In Configure → Voice → Advanced, you can adjust:

SettingRangeDefaultWhat it does
Speed0.7 – 1.21.0How fast the bot talks
Stability0 – 10.7Higher = more consistent. Lower = more emotional range.
Similarity boost0 – 10.75Tries to sound exactly like the original voice
Style0 – 10Adds expressive style. Slow but emotive.
Speaker booston/offoffImproves clarity (slight latency hit)

90% of users only ever touch Speed.

Background sound (optional)

You can play a quiet ambient sound during calls so the agent feels more human:

SoundWhen it helps
NoneDefault — most calls
Office"Sales agent calling from an office"
Cafe"Friend casually chatting"
RainCalming, late-night support
White noiseHide your real environment
NatureOutdoor / wellness brands
Keyboard"Tech support typing while I talk"

Volume slider goes 0-100. 40 is the right default — audible but not distracting.

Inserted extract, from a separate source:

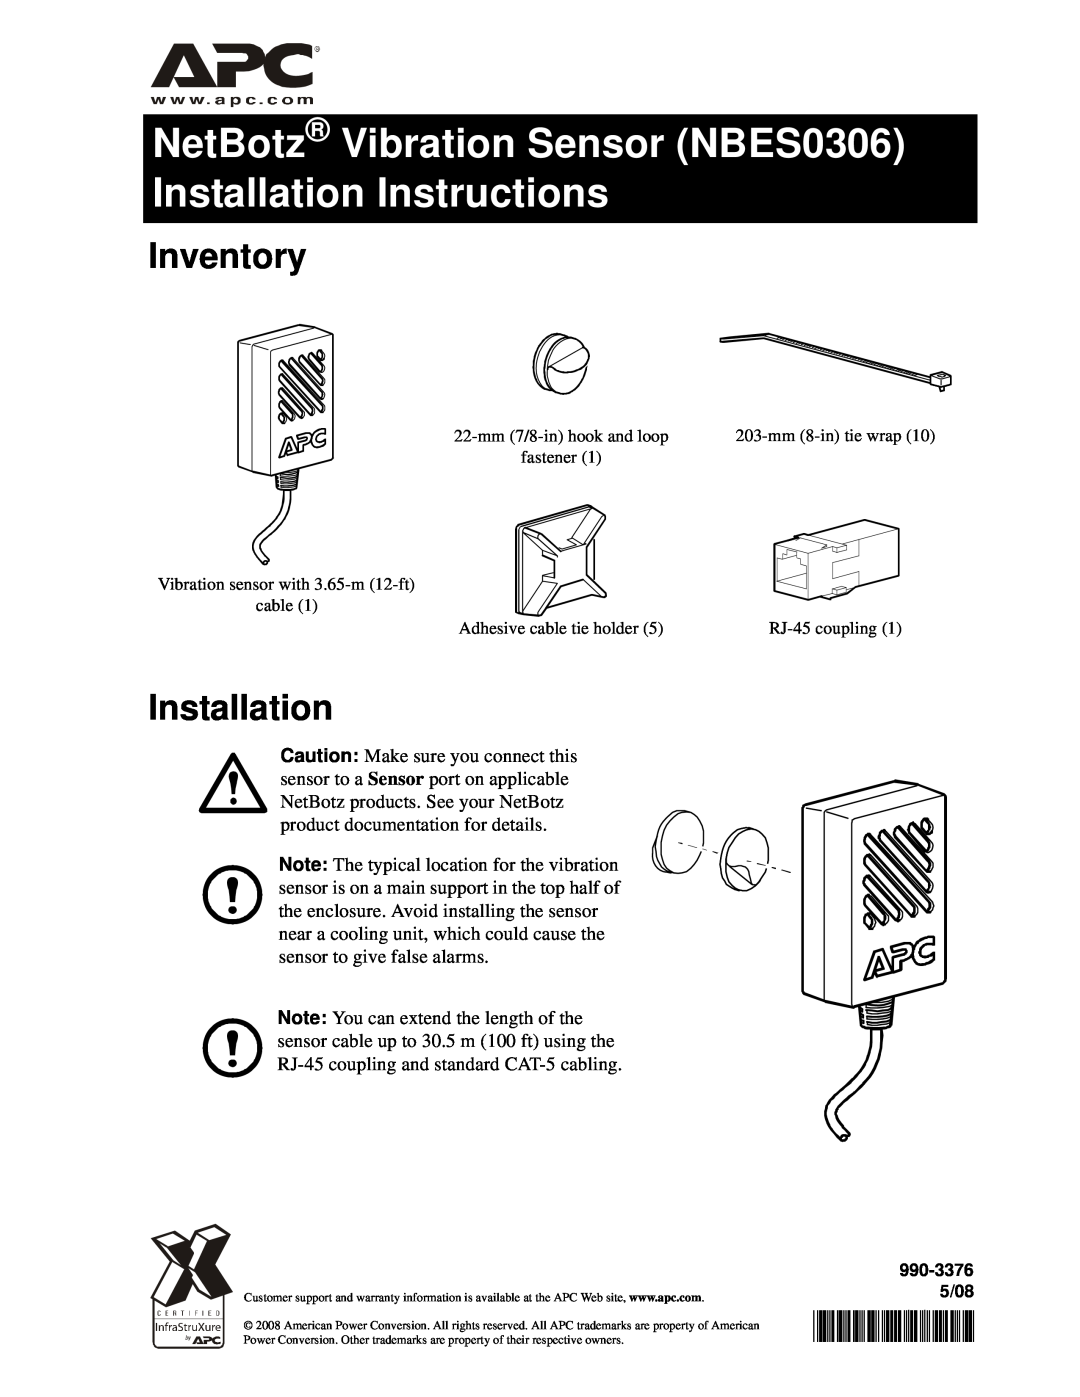 APC NBES0306 installation instructions Inventory, Installation, 990-33765/08

Pronunciation tweaks (advanced)

If your brand name keeps getting mispronounced ("AIVF" said as "ay-vif" instead of "ay-eye-vee-eff"), add a pronunciation entry:

Configure → Advanced → Pronunciation Dictionary

[
  { "word": "AIVF", "pronunciation": "ay-eye-vee-eff" },
  { "word": "osmTalk", "pronunciation": "awsm-talk" }
]

Full guide: Pronunciation & Keyword Boost.

Per-agent provider keys (advanced)

If you want one agent to use YOUR Anthropic key and another to use the platform's, go to:

Settings → Provider Keys

Set a key globally there. Override per-agent in the agent's Voice tab if needed. Per-agent keys take priority over global keys.

Common questions

"My bot sounds robotic." Try ElevenLabs Sarah. It's the most natural English voice. For Hindi, try eleven_multilingual_v2.

"My Hindi callers complain the bot doesn't understand them." Switch STT to Sarvam saaras:v3. Deepgram does not support Hindi.

"It's too slow." Switch LLM to Groq llama-3.3-70b (4× faster than OpenAI). Quality slightly lower but usually fine.

"It's expensive." Switch to gpt-5.4-mini + Deepgram Helena (the defaults). You're probably overspending on a flagship model you don't need.

"It speaks in the wrong language." Your Language setting (Configure → Voice → Language) is wrong. Or your system prompt says "respond in English" — check both.